Camille Paglia, cultural scholar and maverick liberal Democrat, has given a politically themed interview to the left-wing online magazine Salon in which she touches on some media issues. (HT: National Review Online's Hot Links.)
Previously, Paglia has readily acknowledged that liberal media bias exists, and that it's hardly a new phenomenon; she's said that Barry Goldwater was the target of a "vicious media assault" during the 1964 presidential campaign.
In the Salon interview, Paglia argues that the media and Democrats were guilty of "gargantuan overkill" in their treatment of the Mark Foley matter, but that the excessive coverage actually wound up being a "tremendous boon" to President Bush because it distracted the public from the Iraq war.

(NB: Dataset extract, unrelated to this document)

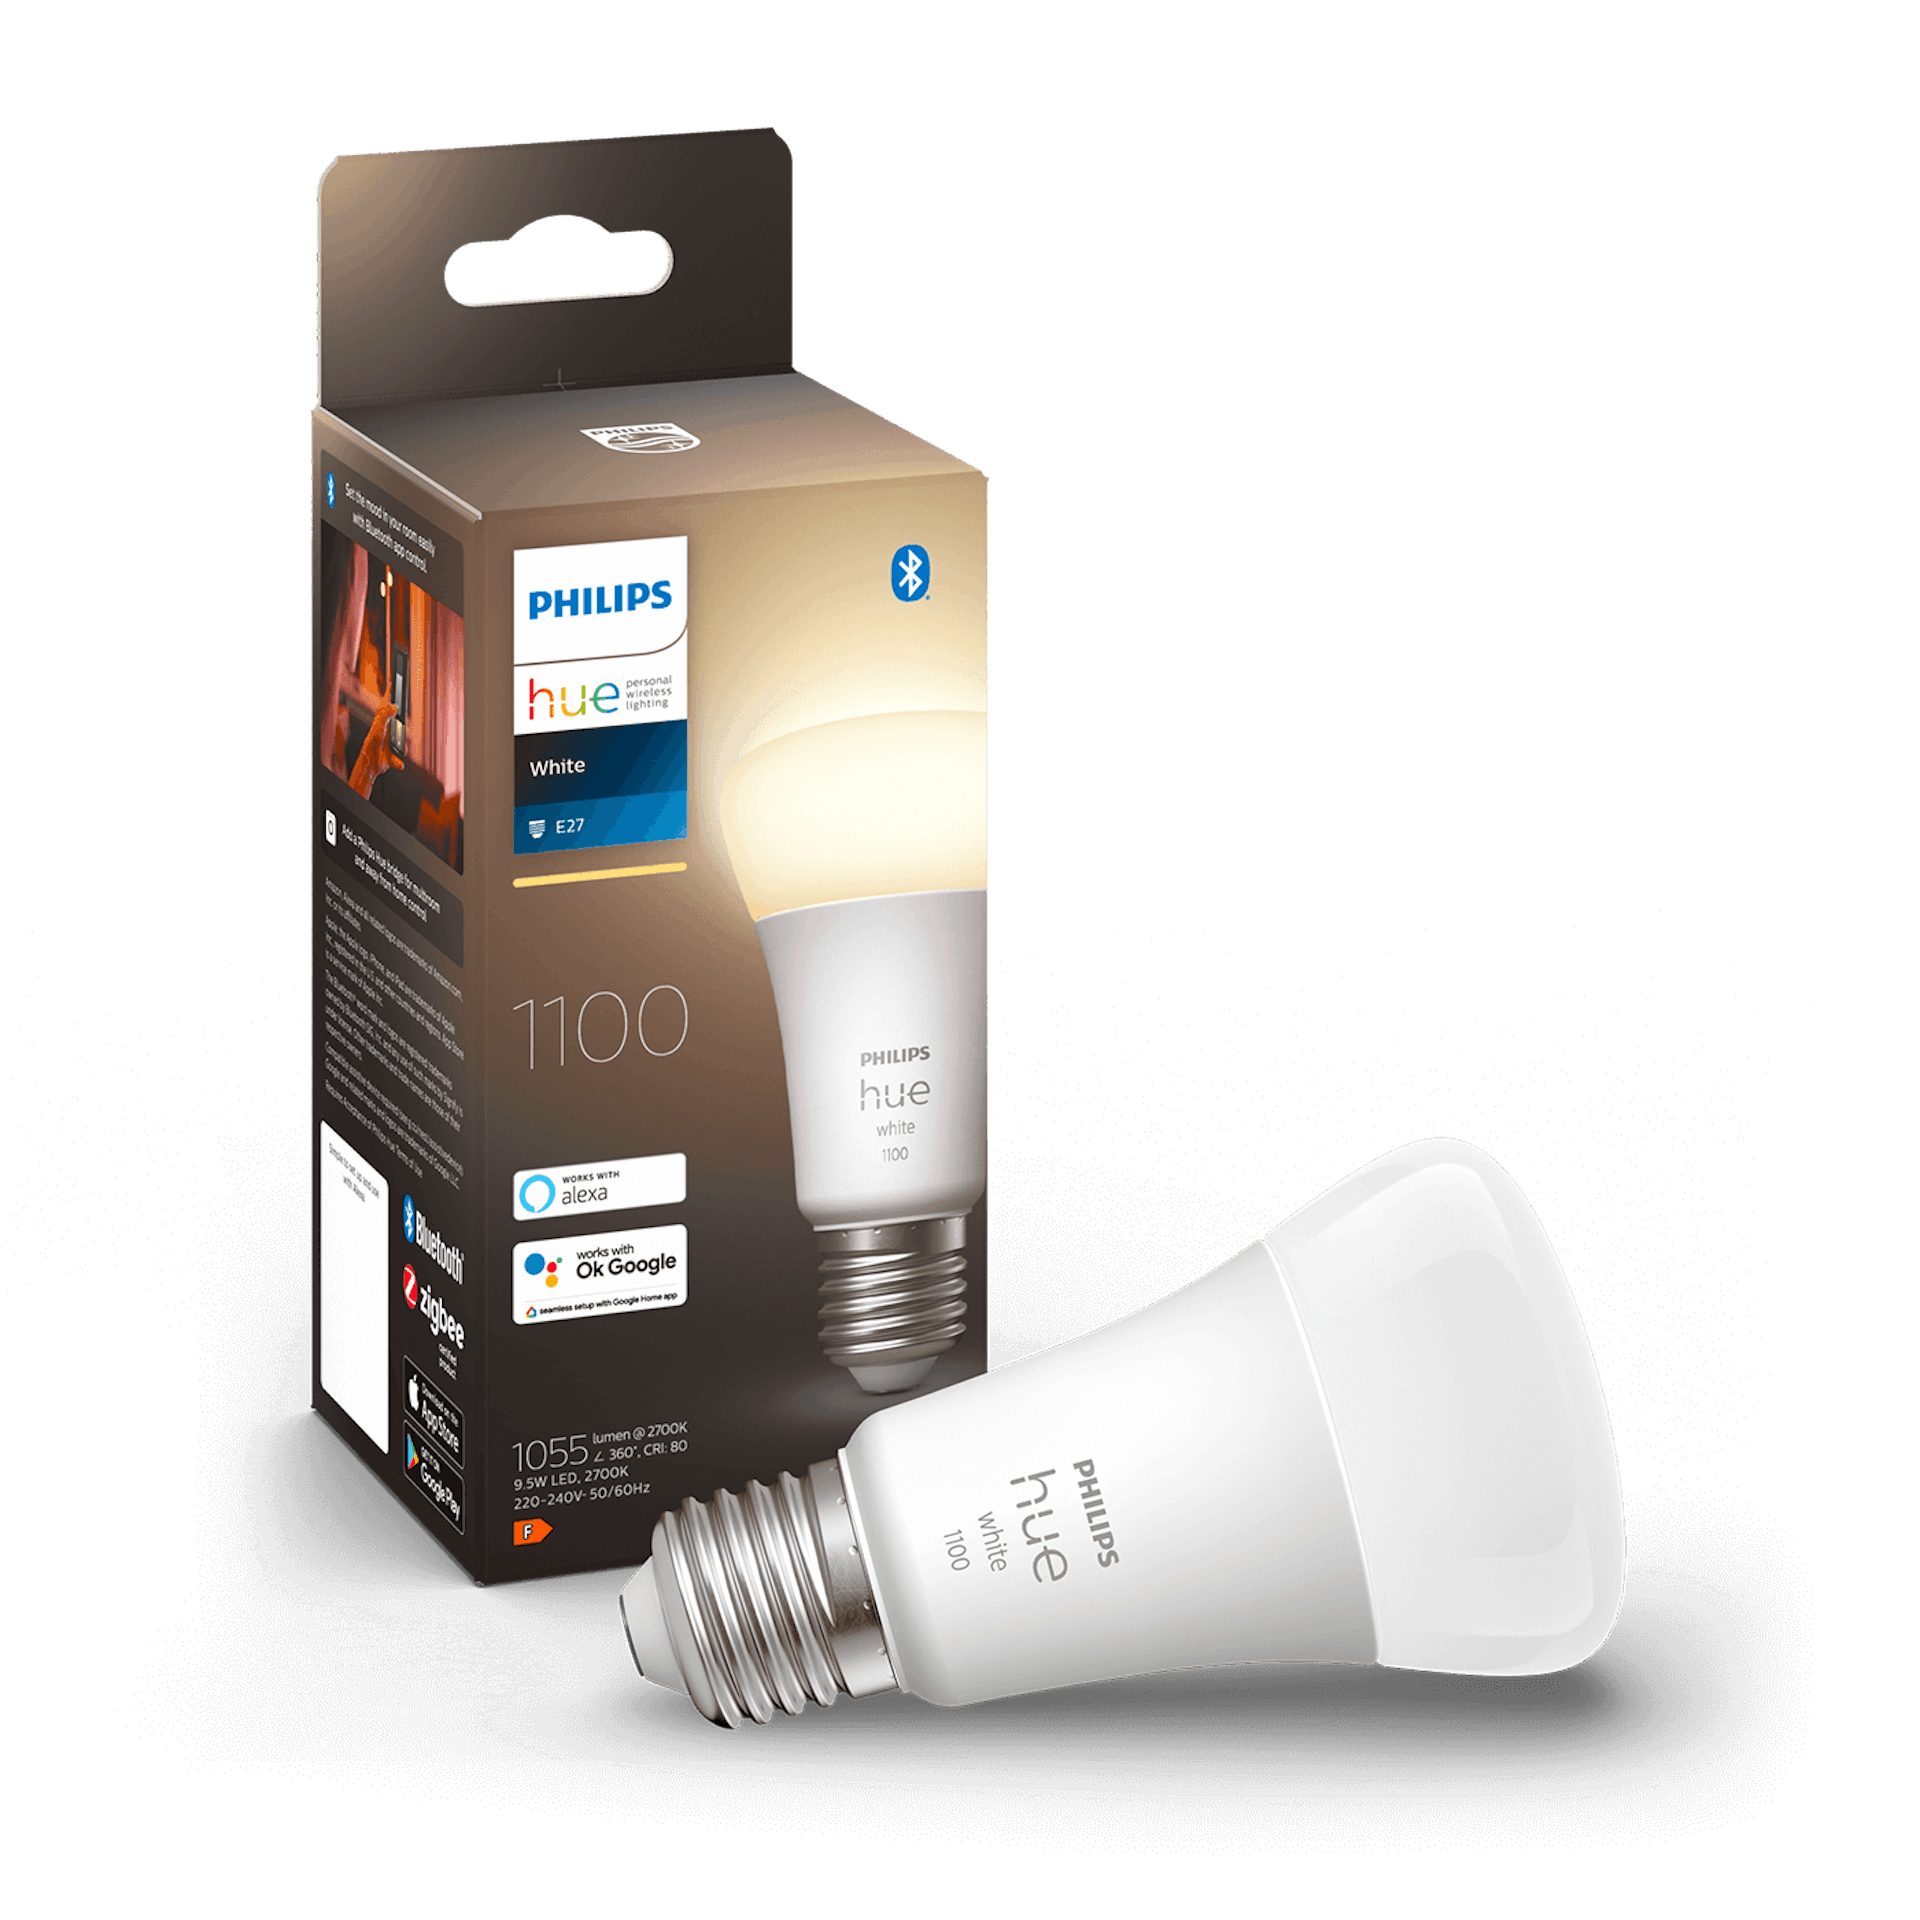 Philips Hue White E27 (G2) - Details - Packaging image

Later, Paglia states that an
overblown fear of Fox News is such a sentimentality on the part of too many Democrats. Talk radio is infinitely more powerful than Fox. Radio hosts are blanketing the country with round-the-clock conservative ideology -- not because they're dastardly conspirators manipulating the media but because they've achieved their success, market by market, in creating programs that millions of people want to listen to. The recent filing for bankruptcy by Air America dramatizes my party's abject failure to produce shows that are informative and entertaining and that systematically build an audience -- the way all the top radio hosts did who climbed the ladder from obscurity to their present prominence. Aren't we the party of Hollywood? The fact that we've failed so miserably at this central medium of communication shows how something has gone very wrong in Democratic sensibility.

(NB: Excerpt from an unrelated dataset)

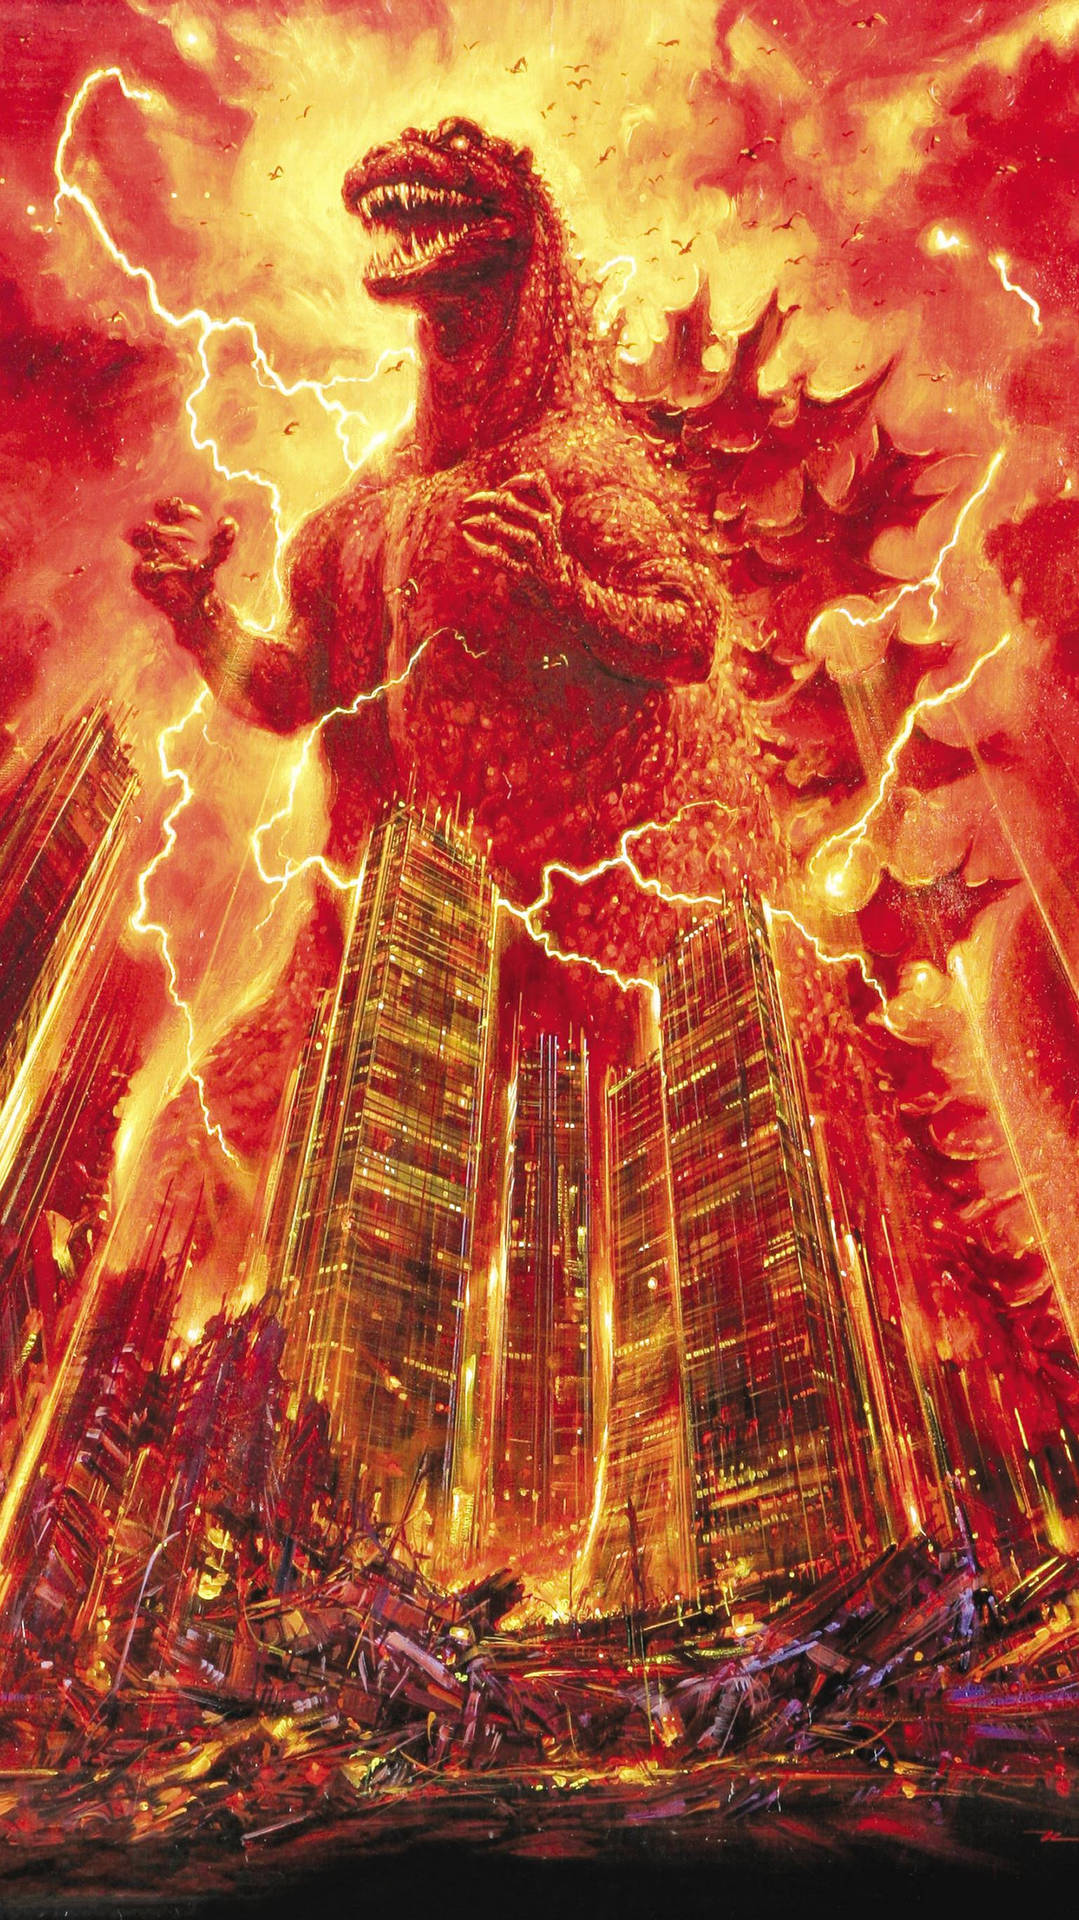 Emergiendode Las Profundidades - Shin Godzilla Fondo de pantalla

Elsewhere in the interview, Paglia goes after targets on both the left and the right. She decries the "lumpish provincialism" and "narrow, limited mind" of Dick Cheney, but calls John Edwards "a lightweight" and claims that Bill Clinton is "turning into a compulsive blabbermouth who is compromising his own dignity as a former president." And then there's her declaration that Noam Chomsky's "hatred of the United States is pathological -- stemming from some bilious problem with father figures that is too fetid to explore."